Иллюстрация к басне Крылова «Ворона и Курица». Рис. Иванов, грав. Галактионов. (М. Издание 1815 г.).
В это-то время, когда раздался «Росский всепалящий гром», и хлынул тот неудержимый поток российского песнотворчества, о котором мы говорили выше, повылезли из щелей мошки да букашки, — все эти Овдулины, Поповы, Юшковы, Урываевы, Кулаковы и проч., чтобы дубовыми стихами разить бегущего врага; «на радостях избавления от двунадесяти язык спешили тогда упражняться все призванные и непризванные „пииты“», говорит современник Никитенко («Записки», ч. I, 41). За исключением всем известных басен Крылова («Обоз», «Ворона и Курица», «Волк на псарне», «Щука и Кот») и «Певца во стане русских воинов» [126] , где Жуковский воспел воинские доблести живых полководцев (забыв, однако, Барклая-де-Толли) и бросил несколько цветов на могилы падших — Кульнева, Кутайсова, Багратиона, — вся остальная «поэзия» не имеет почти никакой эстетической ценности.
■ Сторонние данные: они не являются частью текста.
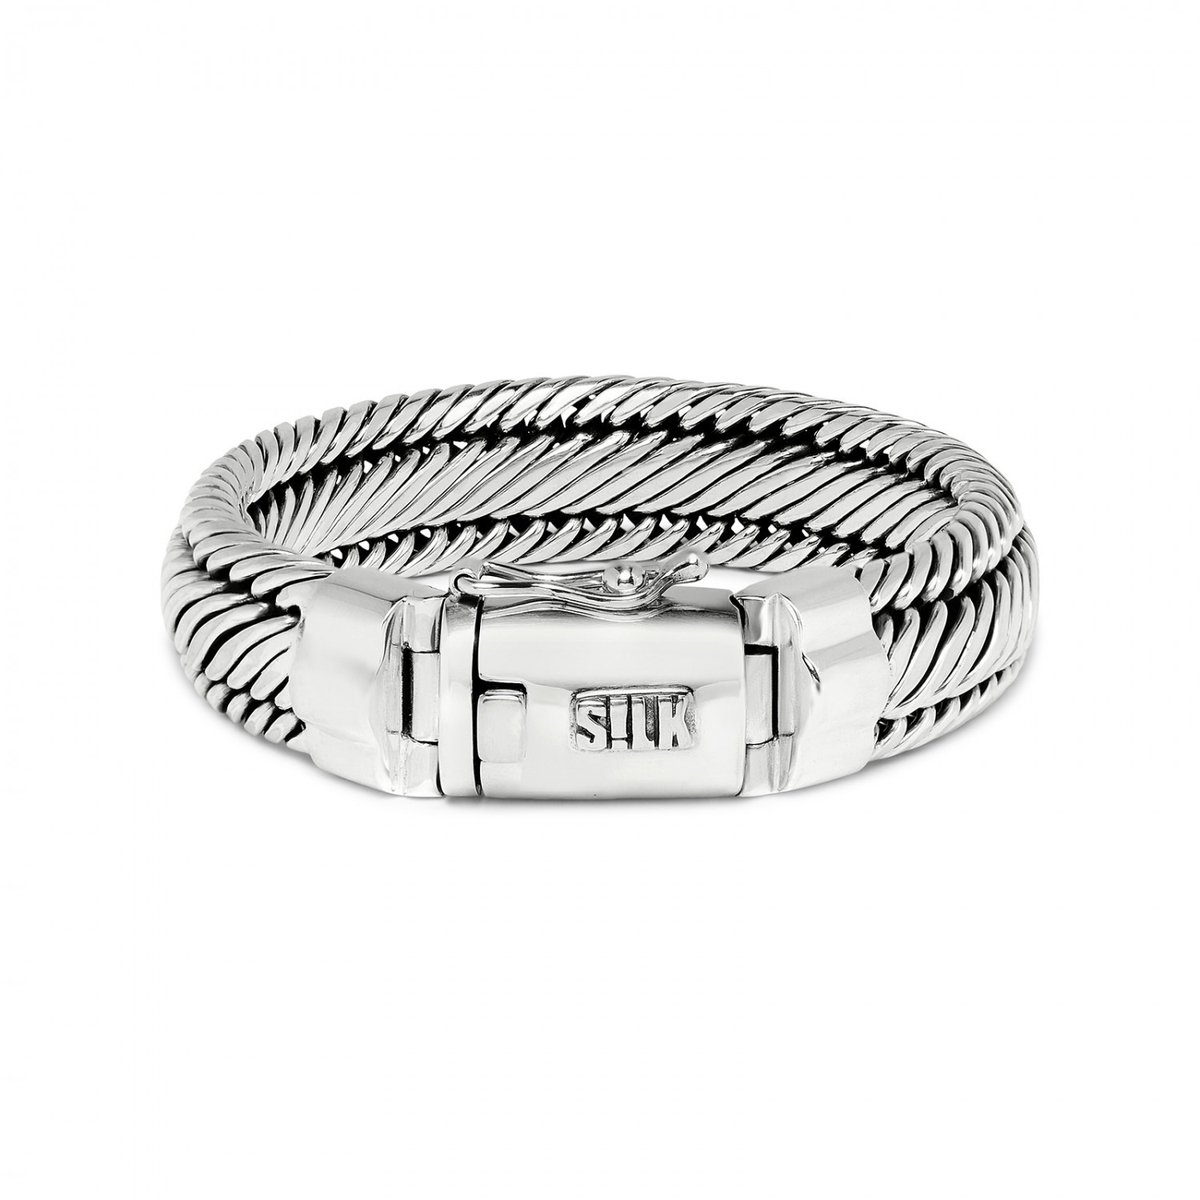 SILK Jewellery - Zilveren Armband - Weave - 733.21 - Maat 21,0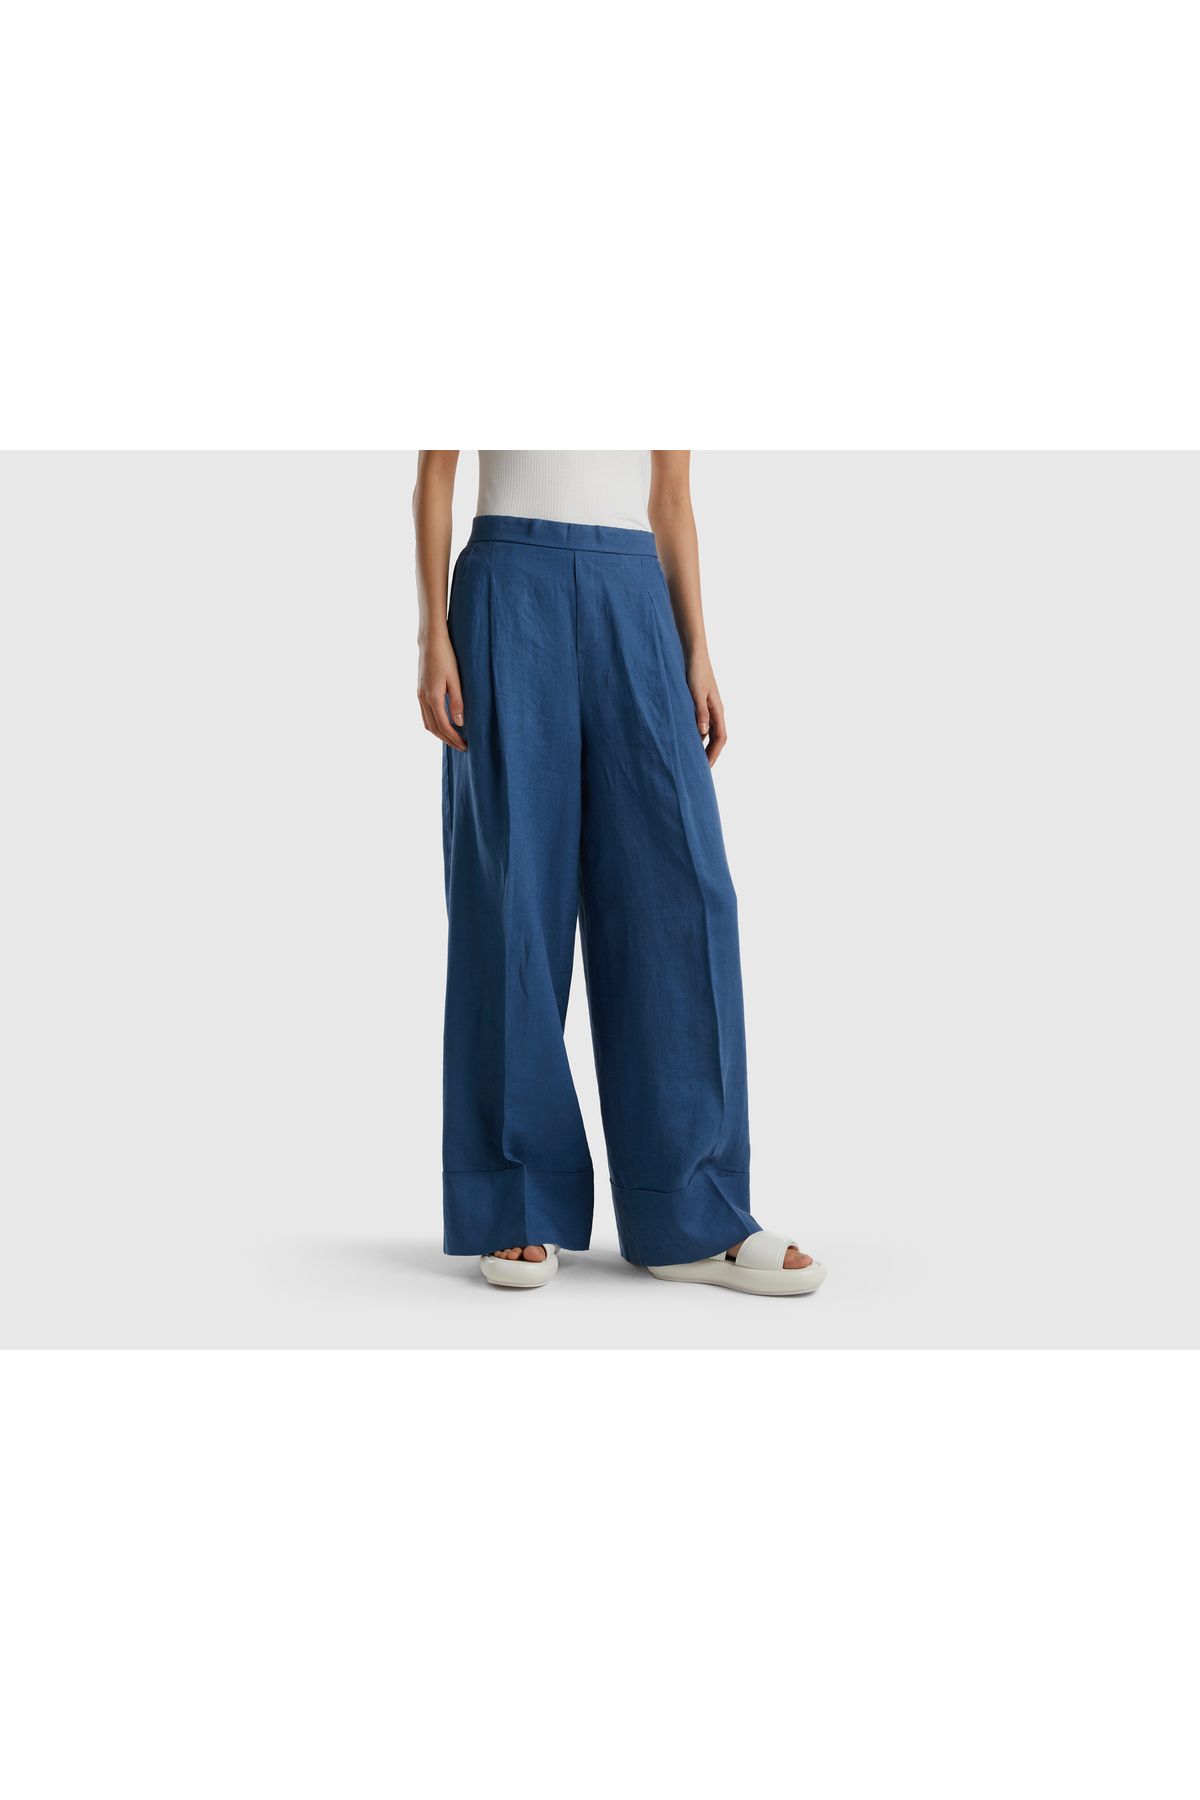 United Colors of Benetton Kadın Lacivert %100 Keten Beli Lastikli Geniş Kesim Pantolon

Это эфемериды, созданные тогда, когда, по выражению Дениса Давыдова, «ненависть к посягателю на честь и существование нашей родины внушали нам одни ругательства на него» («Письма Пушкина», изд. под ред. Саитова, ч. III, 419). Но зато в этой своеобразной «поэзии» довольно отчетливо вскрывается та популярная идеология, которая сложилась во время Отечественной войны и стала позднее руководящей. Основной ее пафос — все тот же пафос мщения:
126
Произведение было очень популярно: «Часто в обществе военном читаем и разбираем „Певца во стане русских“, новейшее произведение г. Жуковского. Почти все наши выучили уже сию пиесу наизусть… Какая поэзия! Какой неизъяснимый дар увлекать за собою душу воинов!» («Походные записки русского офицера Ив. Лажечникова», изд. 2, стр. 69).